В ангар, обращенный к солнцу, с ревом плазменных двигателей влетел легкий десантный корабль, взметнув облако обломков, оставшийся после штурма доков. Корабль приземлился около разбитой топливной вышки, посадочные рампы с грохотом обрушились на залитую прометием поверхность и союзники Гвардии Ворона поспешили наружу. Четыре отряда людей–штурмовиков в полном снаряжении рассредоточились по ангару, занимая защитное построение.

Префектор Кай Валерий предпочитал командовать Когортой непосредственно на поле боя. Не успела последняя из абордажных команд покинуть корабль, как подошвы сапог префектора коснулись изувеченной палубы. Каждый раз, когда доверенные помощники не настаивали на том, чтобы префектор остался на орбите, он лично возглавлял первую волну.

Валерий остановился посреди палубы. Солдаты, вышедшие из его посадочного шаттла, ровными рядами выстроились вокруг своих командиров.

Большая часть посадочных площадок была завалена обломками вражеских пустотных кораблей. Повсюду валялись тела, большая часть которых была жестоко изувечена волкитными лучами. Едко пахло раскаленным металлом. Стены были покрыты дырами, и по каждой дыре можно было понять, какое оружие ее проделало — выстрелы мельта–пушек оставляли потоки расплавленного металла, лаз–пушки пробивали изящные мелкие дырочки, окруженные следами углеродных вспышек. Там, куда угодили маленькие пылающие солнца, выпущенные плазма–пушками, зияли круглые отверстия, а в тех местах, где плазма прошлась потоком, оставались длинные борозды.

В ангар ворвался второй посадочный шаттл. Он пролетел над заваленной обломками посадочной площадкой и осторожно опустился на вывороченные отбойные щитки и кучу искрящихся кабелей, взметнув облако обрывков изоляционного волокна и лоскутов утеплителя.

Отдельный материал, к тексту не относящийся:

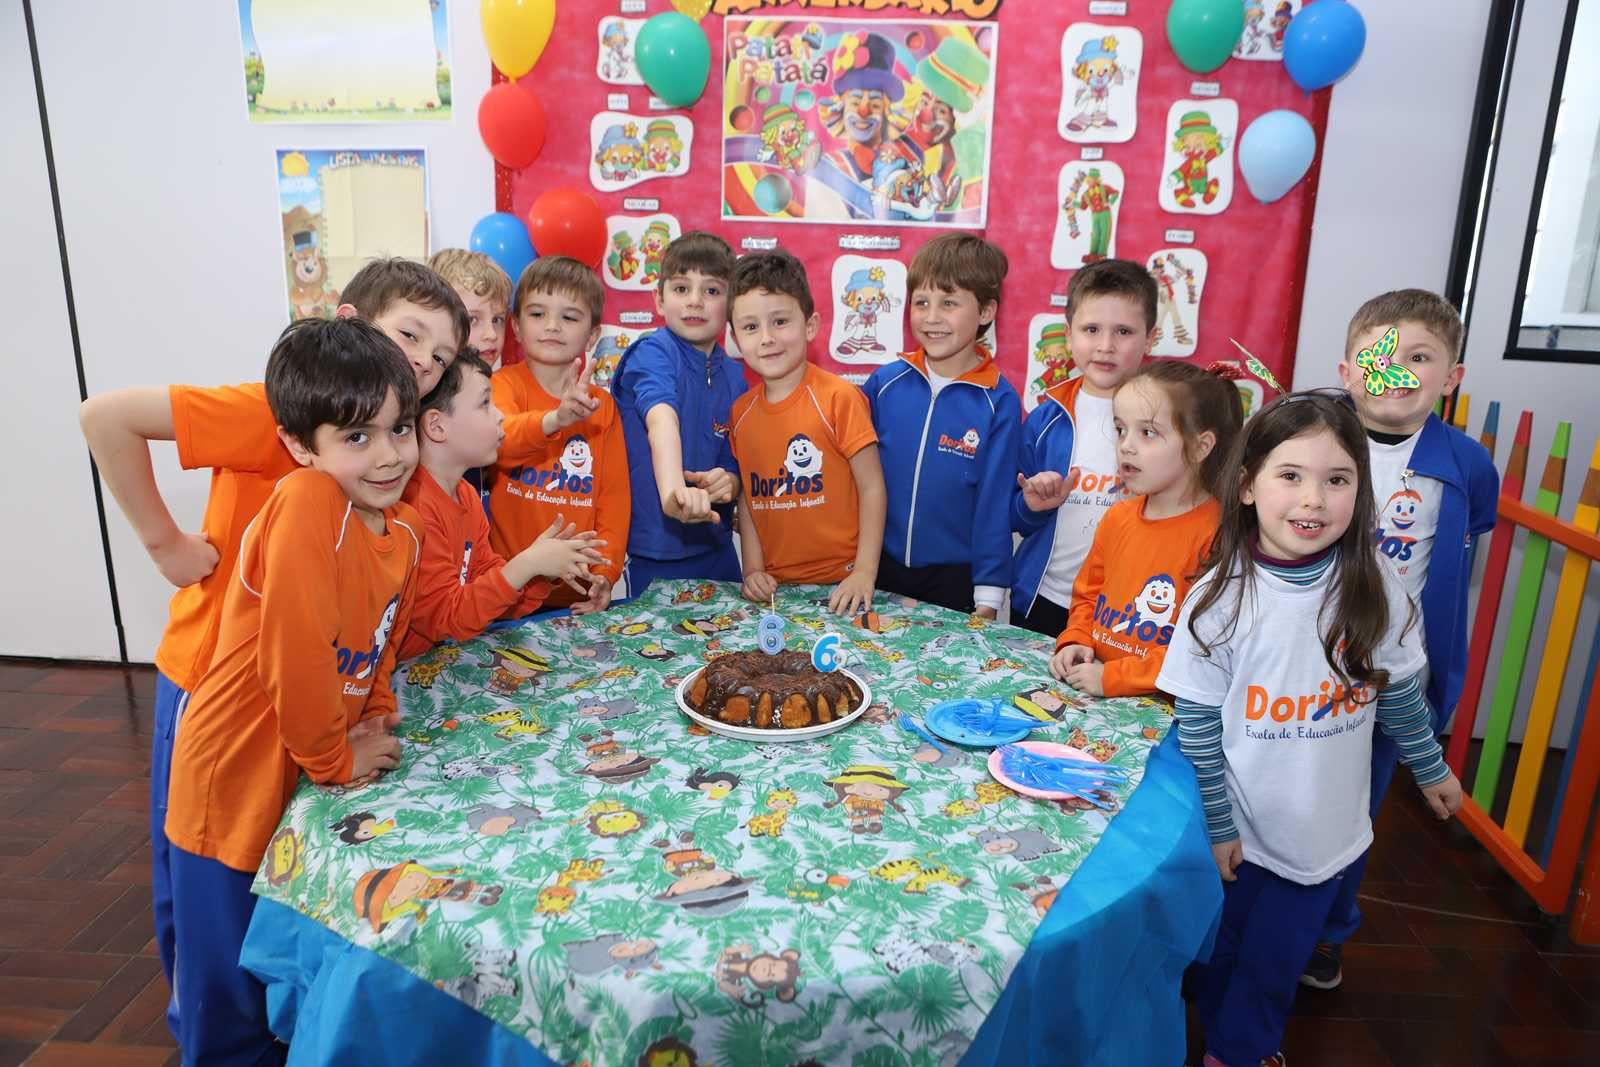 Aniversariantes de Setembro - Escola Doritos

Вдоль всего ангара тянулась обзорная площадка, предназначенная для наблюдения за скоростным режимом. Ее окна начинались от выхода в космос и продолжались до самой внутренней стены. Защитные заслонки на некоторых окнах были опущены, на других подняты. За стеклом, покрытым трещинами от выстрелов, двигались огромные бронированные фигуры. Интерьеры служебных помещений были рассчитаны на людей, и темные силуэты на их фоне казались еще крупнее. Пара окон была выбита, на стенах вокруг осела гарь.

— Милонтий! — крикнул Кай своему слуге. — За мной!

— Да, префектор! — по посадочной рампе сбежал невысокий мужчина. Он был одет в униформу офицера, но без единого знака различий. Он нес на плече два лазгана, а на правой руке у него висел большой мешок с пожитками префектора.

— Легион ждет нас. Вот–вот придут приказы для Когорты. Ты идешь со мной.

— Да, префектор, — ответил Милонтий и поспешил следом за префектом по покореженному палубному покрытию.

У открытых дверей на часах стоял одинокий легионер. Он жестом велел Каю и Милонтию зайти внутрь. За дверями оказалась лестница, ведущая вверх, на наблюдательную площадку.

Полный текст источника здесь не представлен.